La présentation est téléchargeable sur le site du CERTU à l’adresse suivante. http://www.certu.fr/fr/_Sécurité_et_circulation_routières-n28/Politiques_locales_de_securite_routiere-n114/Experiences_etrangeres_en_securite_routiere-n597/Mission_au_Quebec_mars_2009-a1531-s_article_theme.html
Présentation des évolutions de la réglementation en faveur de l’usage du vélo en France (LAURE, mesures de 1998) des ruptures dans les pratiques, de la démarche code de la rue et de ses premiers résultats avec un accent sur l’aspect vélo. 2) Rencontre vélo Québec MTQ Vélo Québec Jean-François Pronovost, Marc Jolicoeur, Myriam Lalancette, Annick St Denis, MTQ François Juneau, Luc Bodin, Marc Panneton, Ecomobilité Chambéry Gilles Boisvert, Consulat général de France à Québec : Patrice Leroy et Sarah Vaillant.
Action vélo Québec sur l’école à pied ou à vélo, les corridors scolaires, les pédibus. Vélo Québec mène un programme sur 4 ans vers 85 écoles primaires, d’ici 2011 ce seront 210 établissements qui seront concernés, et bientôt le secondaire. Toutefois il existe 10 fois plus d’école, vélo Québec présente le guide pour les écoles qui n’auront pas d’action menée par vélo Québec. Vélo Québec mène des actions sur une durée de 3 ans. L’objectif est plus la prise de conscience. Une démarche d’évaluation sur cette prise de conscience est prévue. Théorie du comportement planifié développée par Aizen un universitaire québécois. Toutefois culturellement l’idée de fermer les rues aux heures d’entrée et de sortie d’école n’est pas mures, cette possibilité est utilisée à Irigny en France, voir aussi St Pierre d’Allevard ( ?) en Izère. Gilles Boisvert précise également que le pédibus n’est pas le but ultime mais bien un moyen pour que les parents réalise que c’est possible. Montréal ne possède que deux segments de 600 m d’aire piétonne.

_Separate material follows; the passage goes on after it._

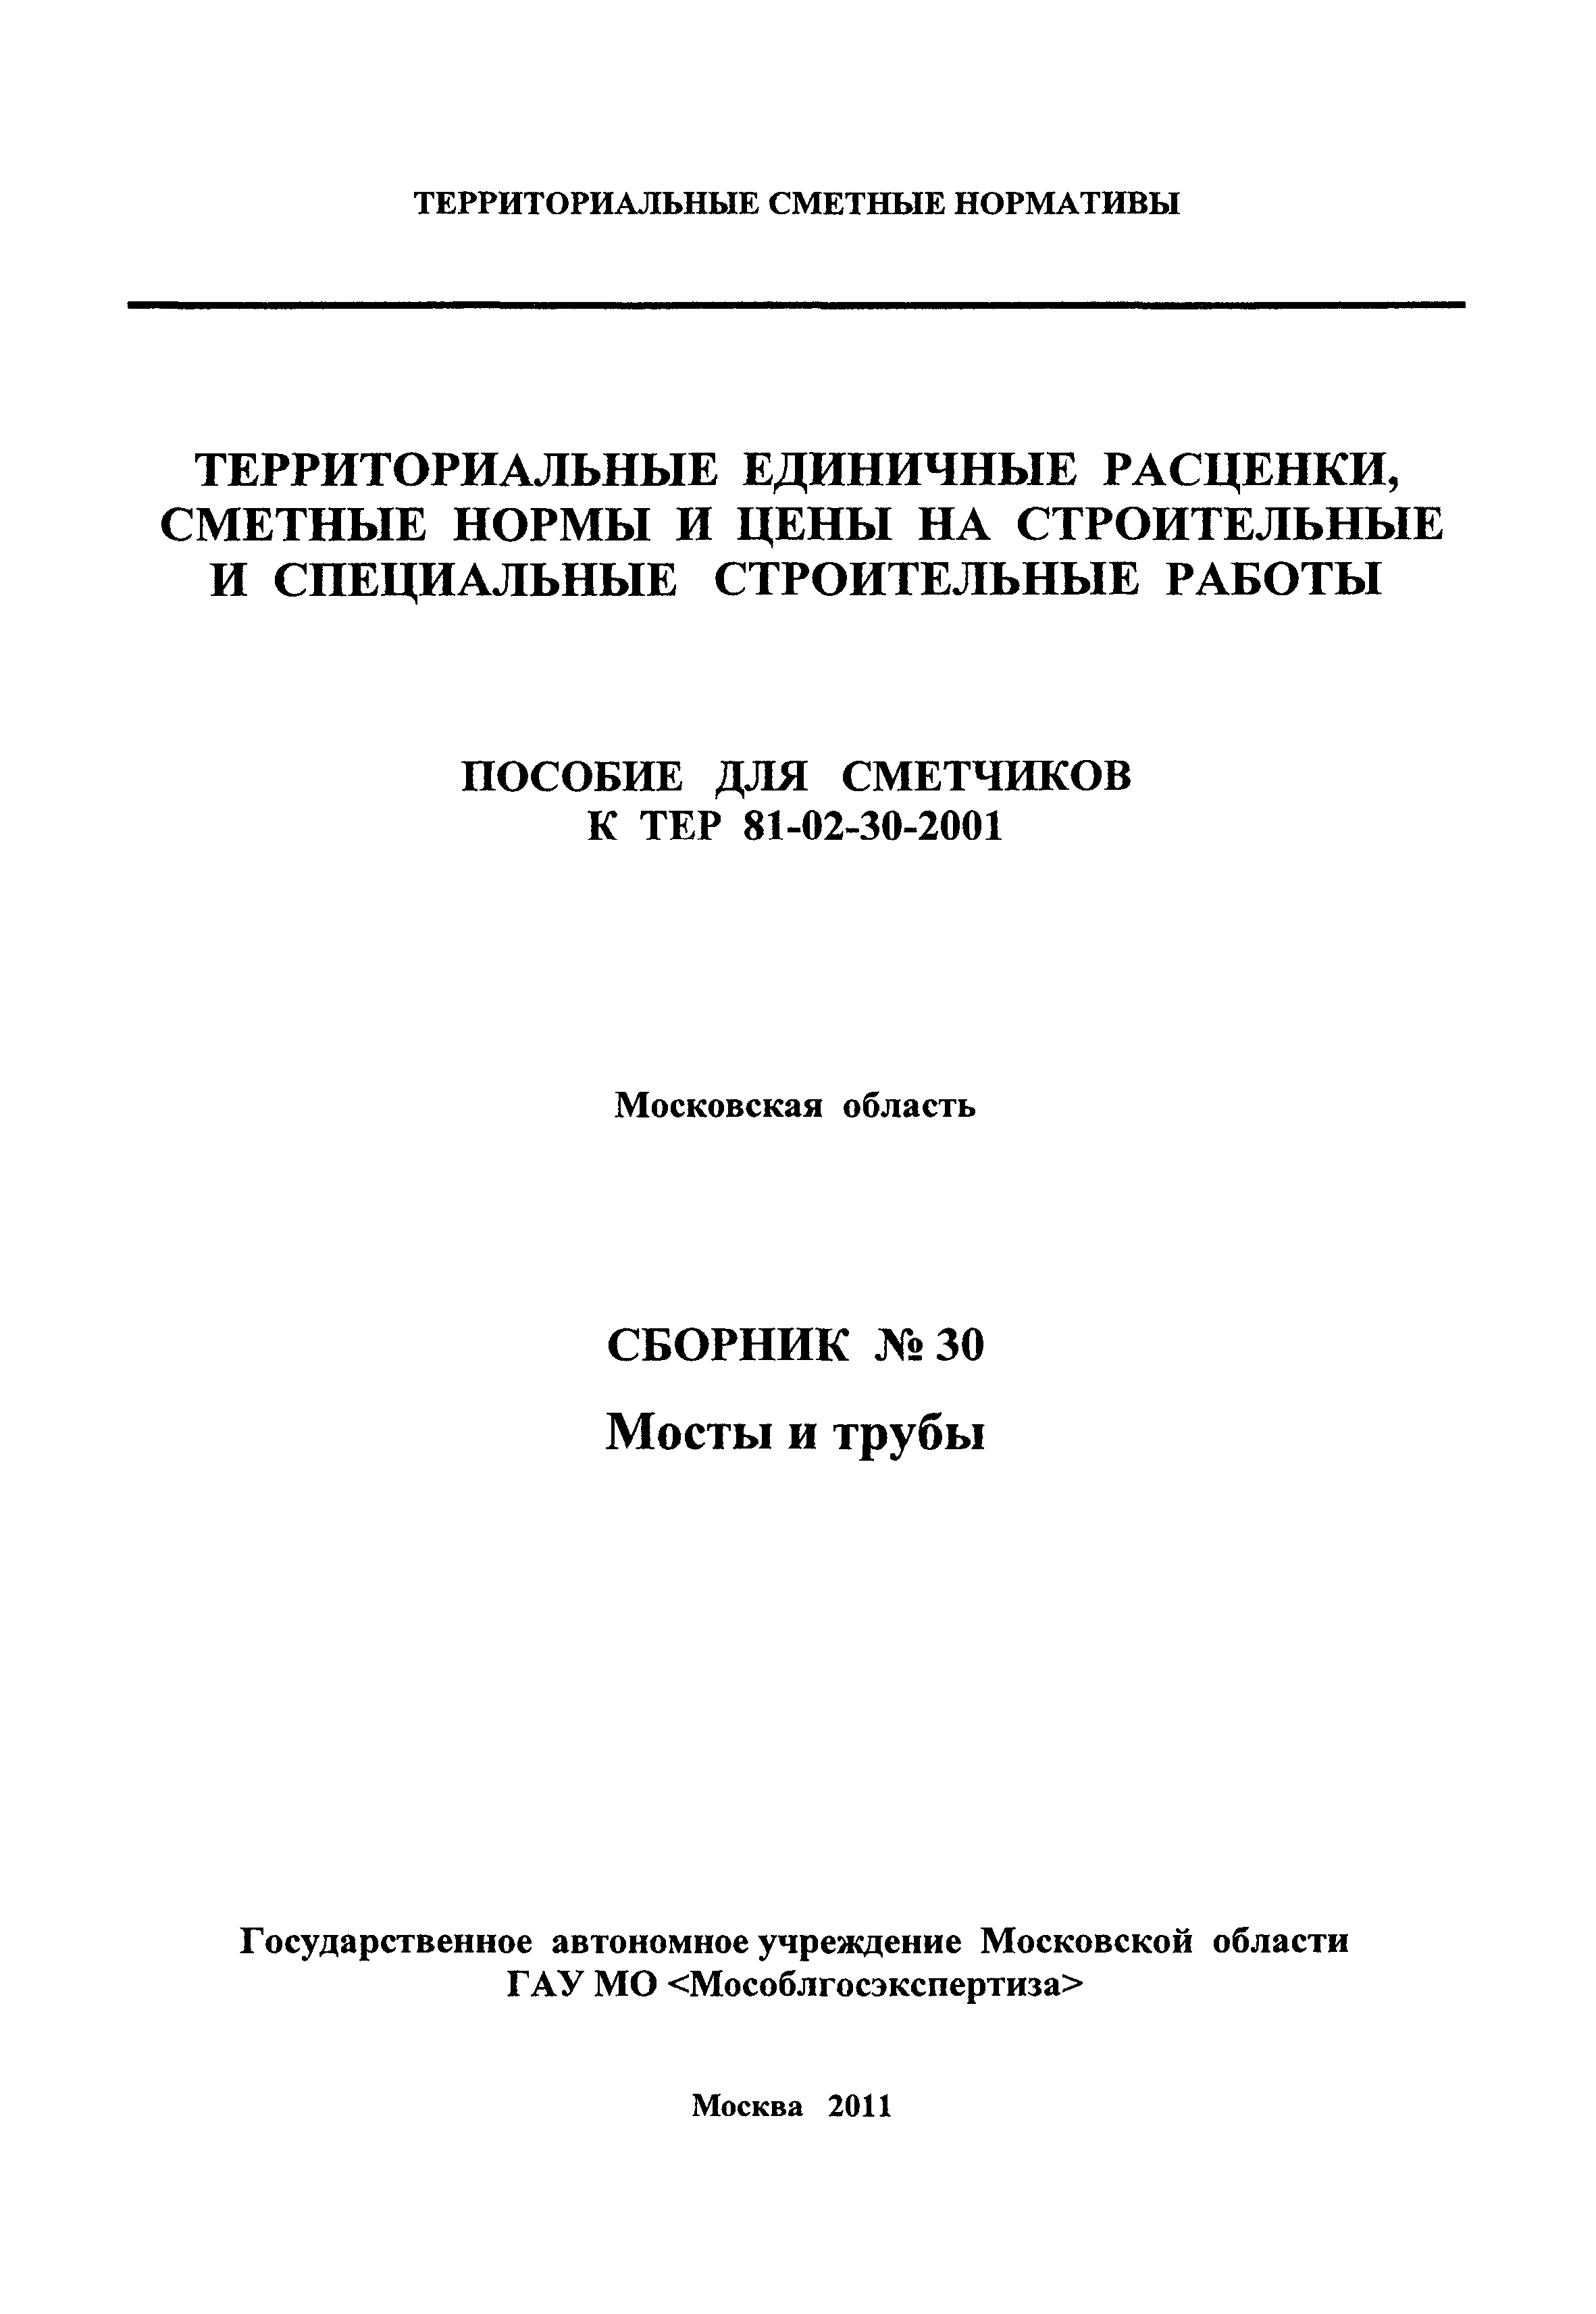 ГЭСНПиТЕР 2001-30 Московской области

Discussion sur les données et les accidents. La santé discute les chiffres et se base sur les transports en ambulance. Il n’y a pas un suivi permanent pour Montréal mais des études sur des périodes pluri annuelles. Le résultat est que les accidents piétons sont diffus, il est vrai que la trame urbaine est d’une régularité exceptionnelle. Présentation par le CERTU du scénario type utilisé pour les accidents diffus. Problème de qualité des rapports de police au Québec.